Mime-Version: 1.0 (Mac OS X Mail 11.5 \(3445.9.7\))
From: Jonathan Morton <chromatix99@gmail.com>
In-Reply-To: <MN2PR19MB4045BC0869B633F8EB11155583E40@MN2PR19MB4045.namprd19.prod.outlook.com>
Date: Sun, 15 Nov 2020 19:13:41 +0200
Cc: Sebastian Moeller <moeller0@gmx.de>, Pete Heist <pete@heistp.net>, tsvwg IETF list <tsvwg@ietf.org>
Content-Transfer-Encoding: quoted-printable
Message-Id: <917073C5-B0C1-42BB-ACB0-120E9FA58A2A@gmail.com>
References: <d2edb18dd3cbfecce0f70b3345e4ea70a0be57b9.camel@heistp.net> <AF7A15D8-28DA-4DE5-96AB-BE9B6A468C3D@gmx.de> <MN2PR19MB4045BC0869B633F8EB11155583E40@MN2PR19MB4045.namprd19.prod.outlook.com>
To: "Black, David" <David.Black@dell.com>
X-Mailer: Apple Mail (2.3445.9.7)
Archived-At: <https://mailarchive.ietf.org/arch/msg/tsvwg/R9DIeOQ52cMrcMQT1IMjP80Fn7A>
Subject: Re: [tsvwg] new tests of L4S RTT fairness and intra-flow latency
X-BeenThere: tsvwg@ietf.org
X-Mailman-Version: 2.1.29
Precedence: list
List-Id: Transport Area Working Group <tsvwg.ietf.org>
List-Unsubscribe: <https://www.ietf.org/mailman/options/tsvwg>, <mailto:tsvwg-request@ietf.org?subject=unsubscribe>
List-Archive: <https://mailarchive.ietf.org/arch/browse/tsvwg/>
List-Post: <mailto:tsvwg@ietf.org>
List-Help: <mailto:tsvwg-request@ietf.org?subject=help>
List-Subscribe: <https://www.ietf.org/mailman/listinfo/tsvwg>, <mailto:tsvwg-request@ietf.org?subject=subscribe>
X-List-Received-Date: Sun, 15 Nov 2020 17:13:47 -0000

> On 15 Nov, 2020, at 3:26 am, Black, David <David.Black@dell.com> wrote:
> 
> To date, the 'Prague L4S Requirements' (Appendix A of draft-ietf-tsvwg-ecn-l4s-id) have been strongly associated with TCP Prague.  That association ought to be teased apart so that the resulting L4S scalable congestion control requirements provide a reasonable design space that can include a number of other congestion control designs - in addition to what's been discussed, e.g., SCReAM, it would be useful to better understand what it would take for implementations of protocols such as DCTCP and BBR (e.g., for QUIC) to meet those requirements.

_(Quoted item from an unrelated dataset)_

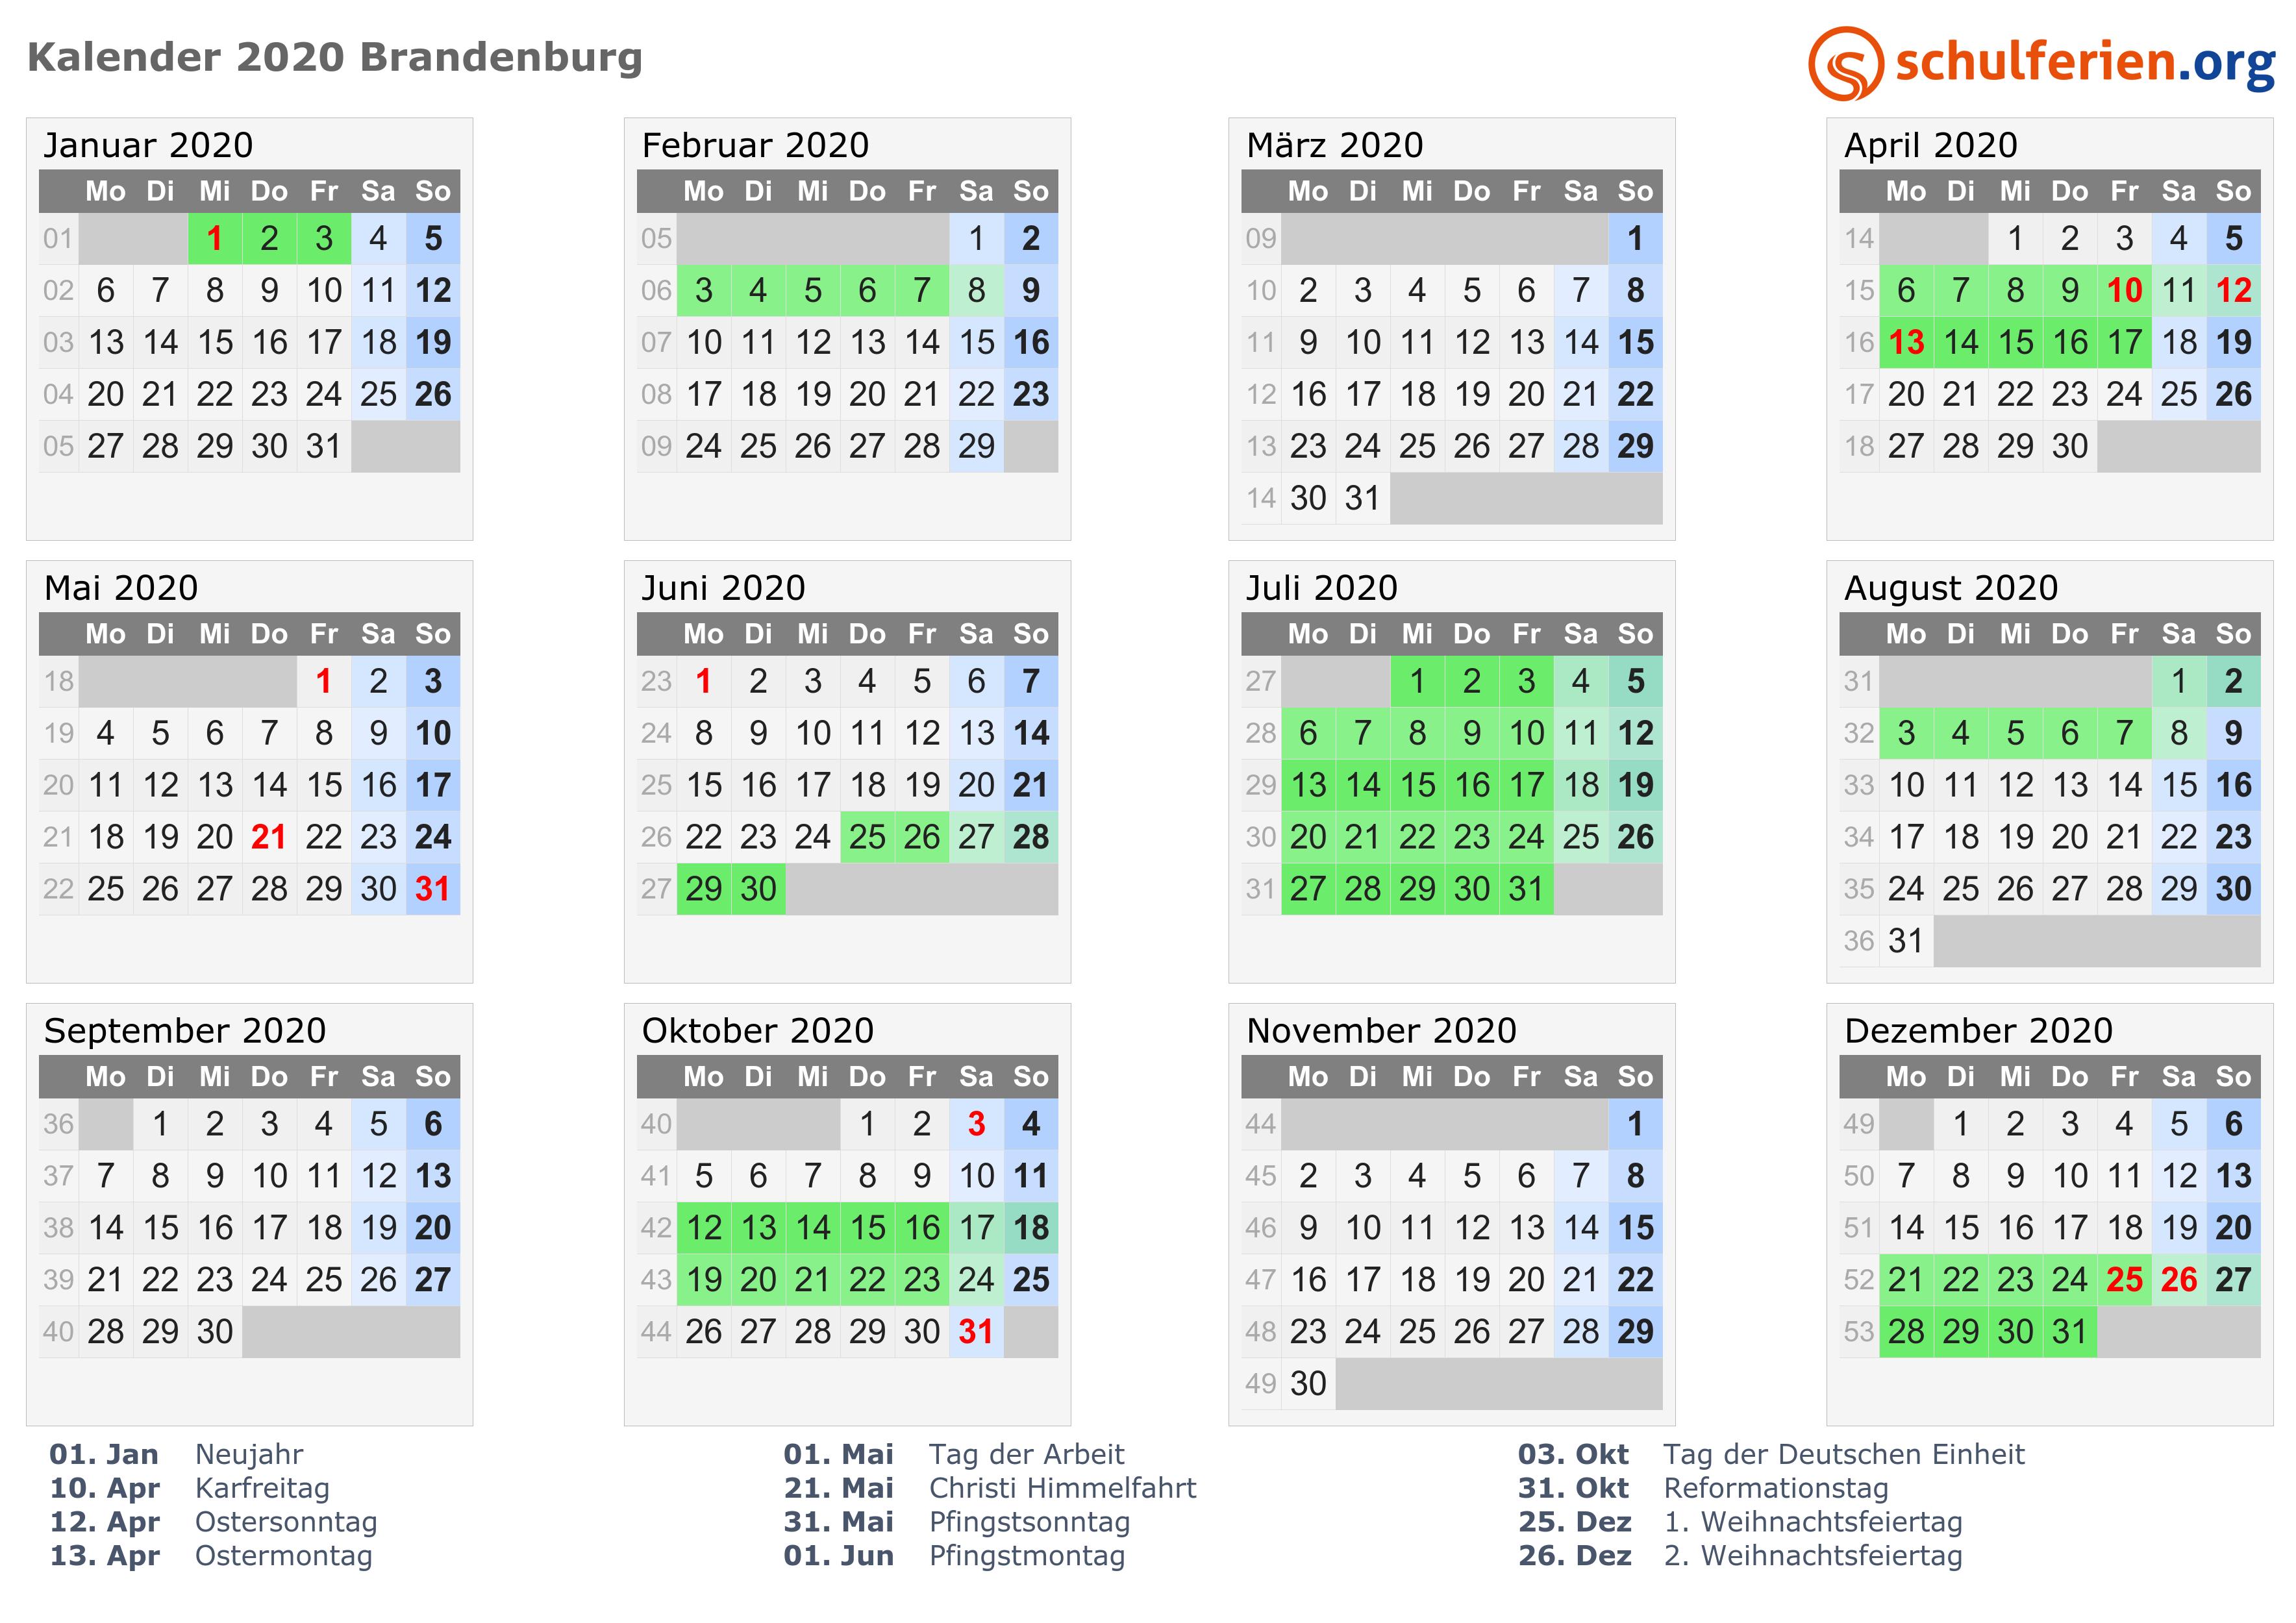 kalender 2020 ferien brandenburg feiertage. Black Bedroom Furniture Sets. Home Design Ideas

Along these lines, let's look at the components of L4S:

1: The "architecture" involves a qualitative, revolutionary alteration to the meaning of a CE mark (relative to that established in RFC-3168 and revised quantitatively in RFC-8511).  In essence, it introduces AIAD semantics where AIMD was previously expected.

2: A classifier codepoint - ECT(1) - asserts to the network that this alternative CE semantic is in force on a given flow.  Important to note that existing networks do not expect this signal, and are thus incapable of correctly interpreting it; they assume that an ECT(1) packet should be treated the same as an ECT(0) packet, because that is what RFC-3168 specifies.

3: AccECN is a TCP extension that provides precise, reliable feedback of the density of CE marks on TCP flows.  This is deemed necessary because the AIAD steady-state has multiple CE marks per RTT, rather than multiple RTTs per CE mark in the AIMD steady-state.

4: TCP Prague, as the reference congestion-control algorithm, implements the classifier codepoint at origin when AccECN is negotiated, and exhibits a DCTCP-like (AIAD) response to CE feedback, and a NewReno-like (AIMD) response to packet loss.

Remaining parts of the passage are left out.